M. Hervé Maurey. Absolument !
Mme Nicole Borvo Cohen-Seat. Je propose à ceux qui aiment les comparaisons de considérer la situation de l’Allemagne, dont le régime politique, que je sache, est loin d’être « soviétique »...
Ce pays est revenu sur le principe de liberté d’installation des médecins généralistes dans les années quatre-vingt-dix. Aujourd’hui, les Allemands, tout en n’étant pas moins bien soignés que les Français, ont réussi à résorber une partie de leurs « déserts médicaux ». Pendant ce temps, les nôtres se développent : ce phénomène n’est en effet plus cantonné dans les territoires faiblement peuplés, mais gagne aussi les villes et les régions où la démographie est dense et dynamique ! C’est ainsi le cas en Seine-Saint-Denis et dans d’autres départements urbains.
Après avoir fait mine d’agir et fait voter par le Parlement, en 2009, deux dispositions, la première obligeant les médecins à déclarer leurs congés, la seconde mettant en œuvre des contrats santé solidarité, votre prédécesseur, madame la secrétaire d’État, s’est empressée de décider, à la fin de l’année 2010, de surseoir à la publication de leur décret d’application. On est donc revenu à la case départ : ne rien faire !
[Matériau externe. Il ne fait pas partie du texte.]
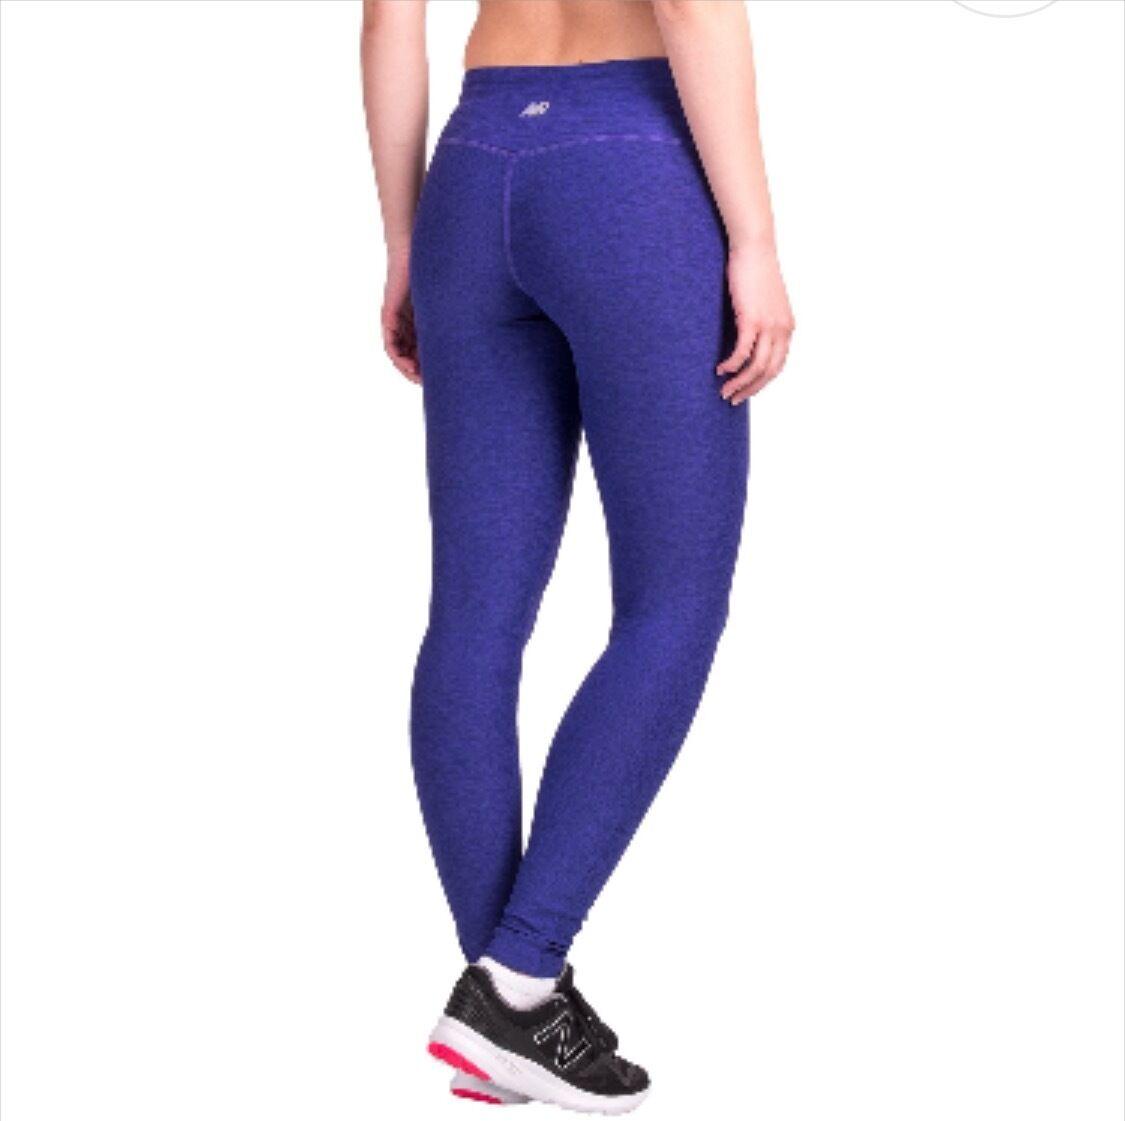 NWT Women's New Balance Athletic Yoga Space Dye Leggings Purple XS S L XL

La première disposition, a précisé Mme Bachelot, était en définitive trop discriminante et péchait parce qu’elle indisposait le corps médical.
M. Pierre-Yves Collombat. Voilà !
Mme Nicole Borvo Cohen-Seat. En ce qui concerne la seconde, gageons que la ministre a fini par se rallier aux arguments de ceux, dont nous faisons partie, qui pensaient qu’elle était absolument inutile, car rigoureusement inapplicable !
Comment imaginer sérieusement, en effet, de demander à des médecins installés en zone surdense de se rendre ponctuellement en zones sous-dotées pour y faire des consultations et y assurer de façon pérenne un accès aux soins ? C’est surréaliste !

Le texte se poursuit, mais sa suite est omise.